:: Exercise description ::
What you return should be the complete data below, word for word, with no pictures in it.

++++ Data extract ++++

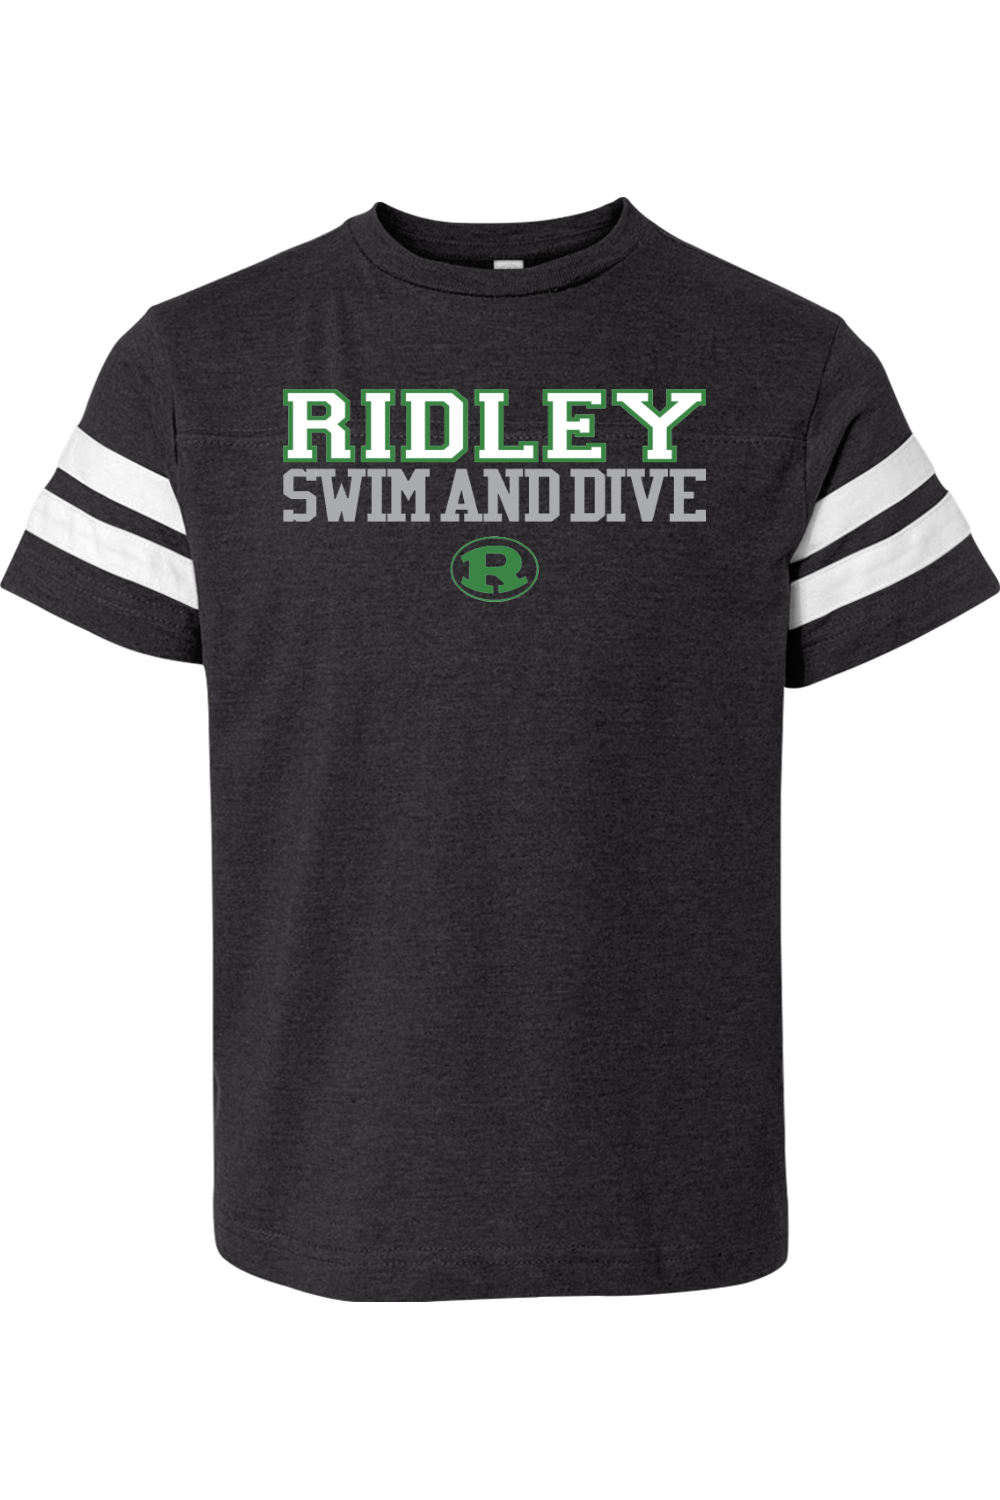 Ridley Swim and Dive Youth Jersey Tee
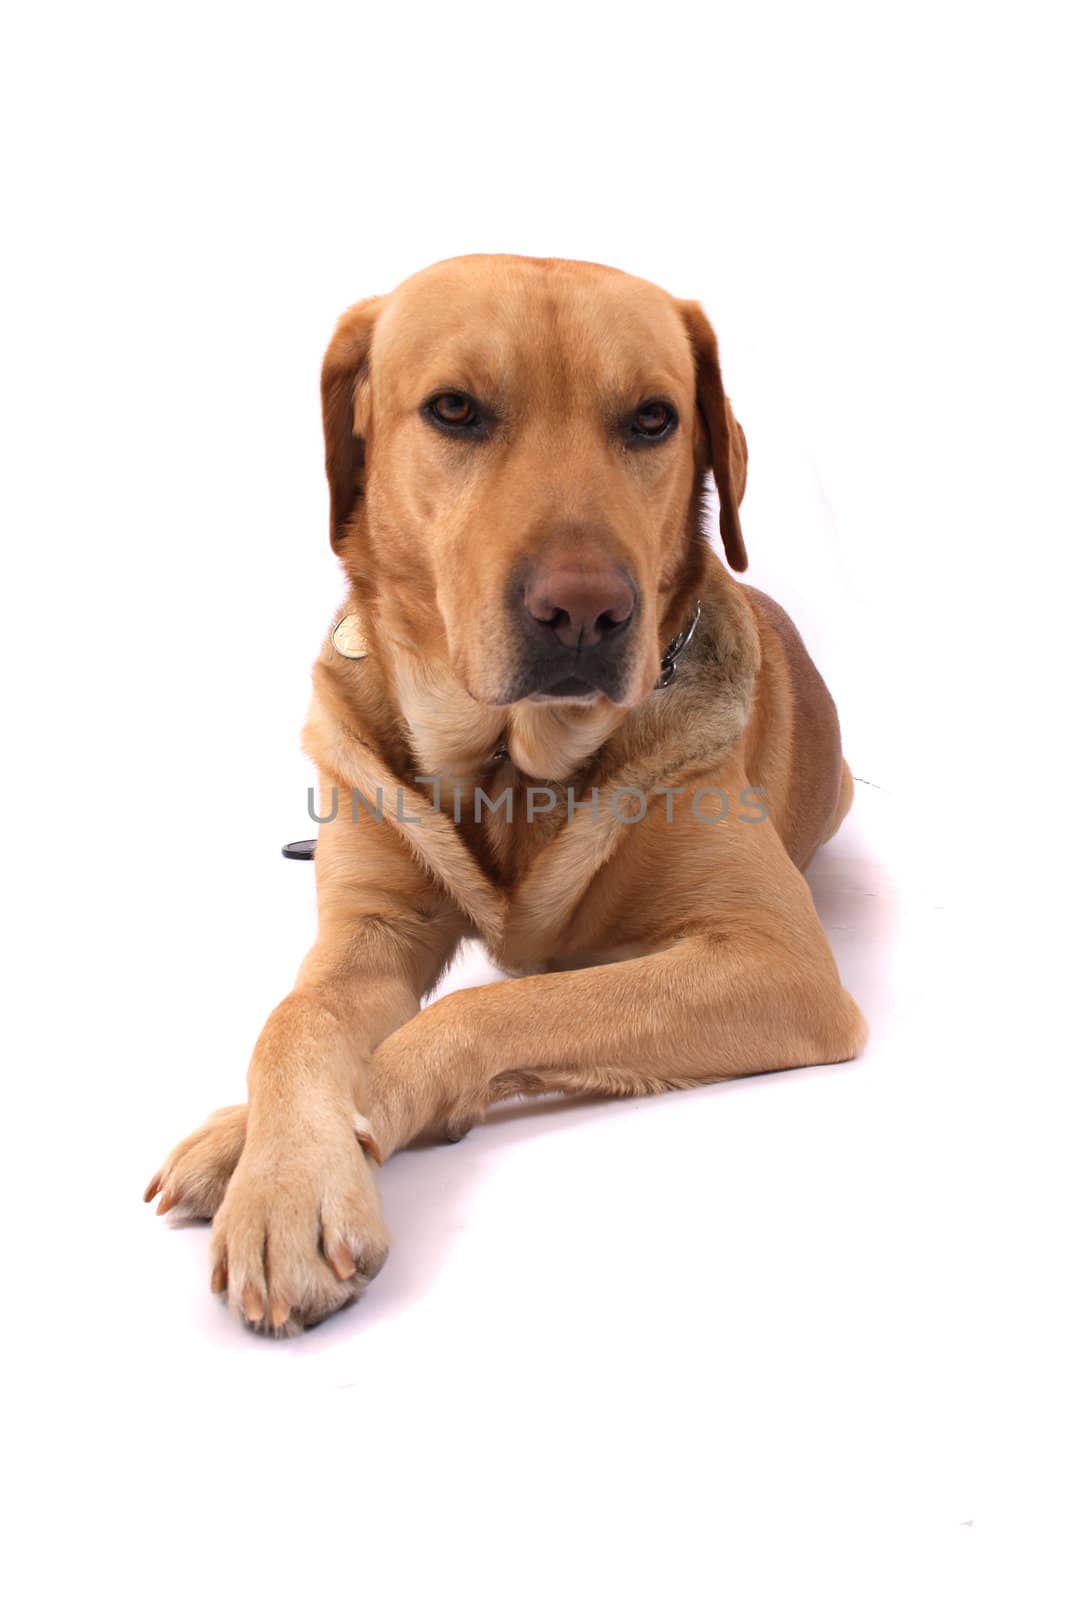 very nice labrador on the white background
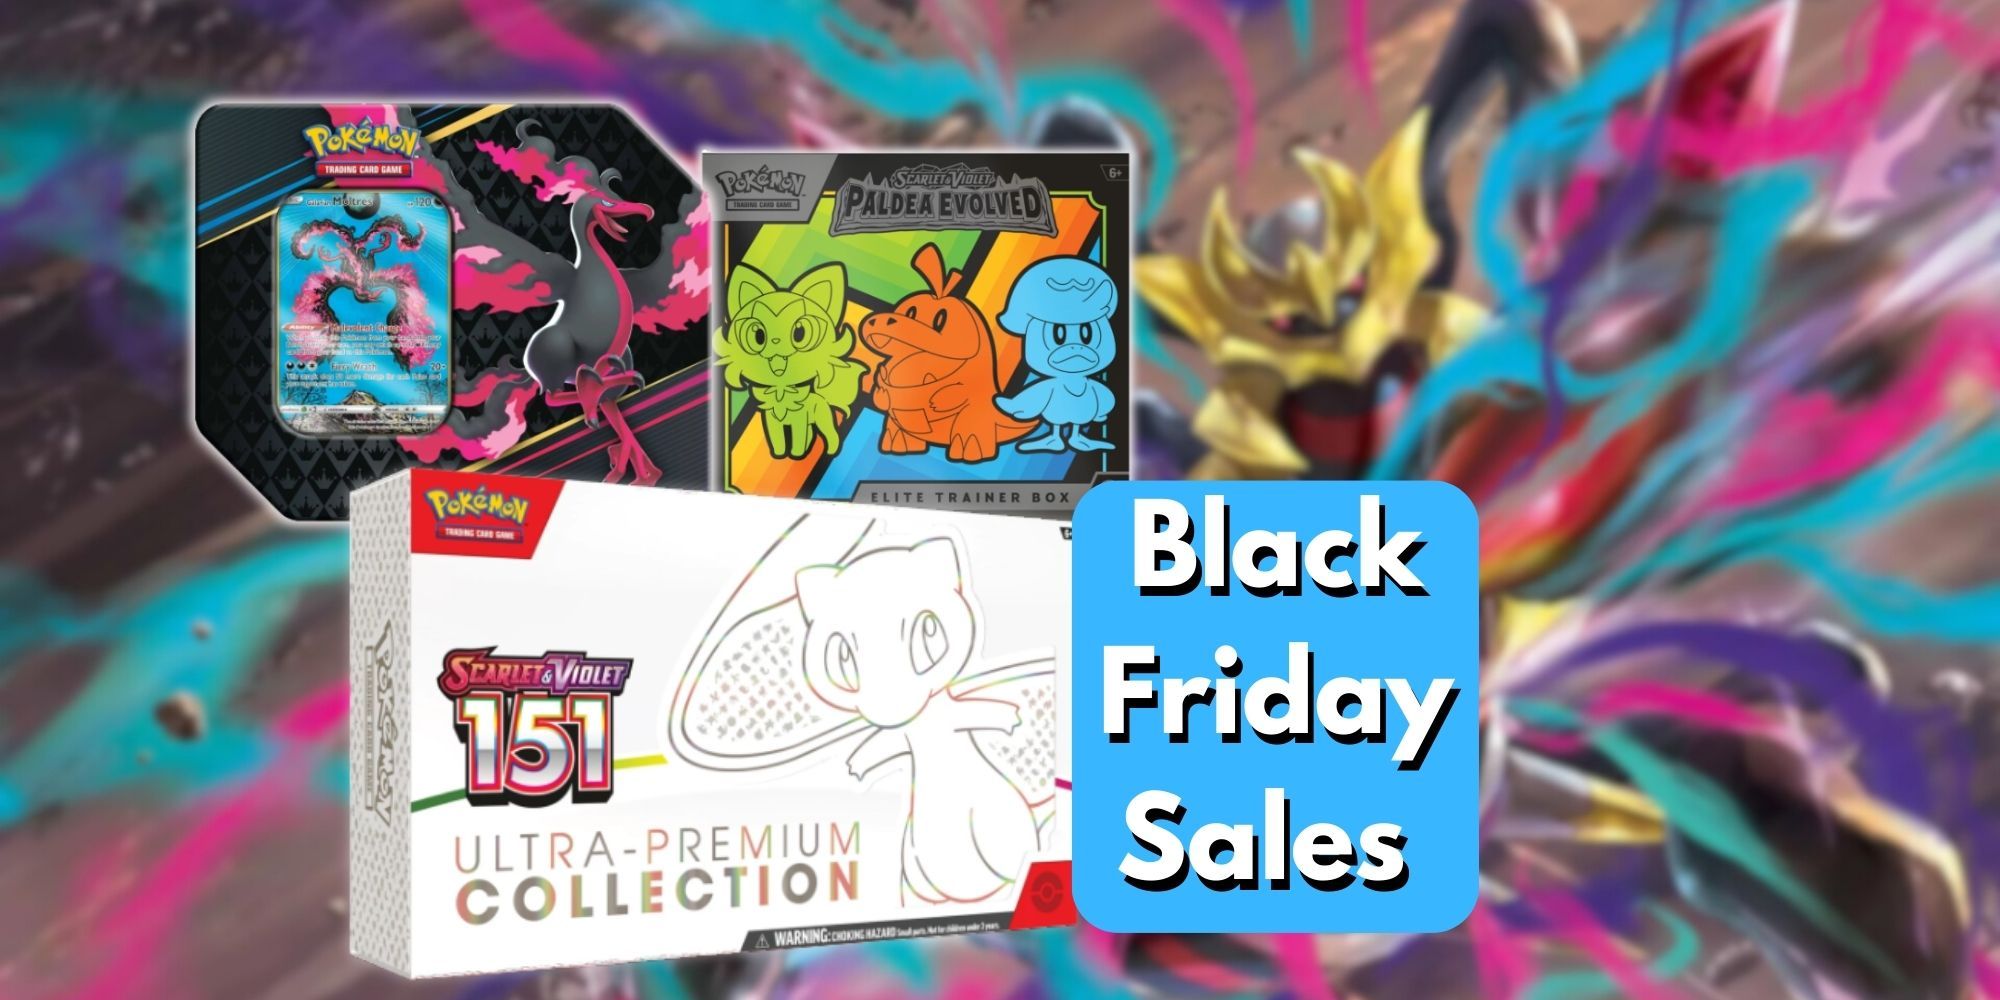 Product images from Pokemon TCG on a Giratina blurred background the a Black Friday Sales text box

++++

:: Result ::
 Ridley Swim and Dive Youth Jersey Tee
 very nice labrador on the white background
 Product images from Pokemon TCG on a Giratina blurred background the a Black Friday Sales text box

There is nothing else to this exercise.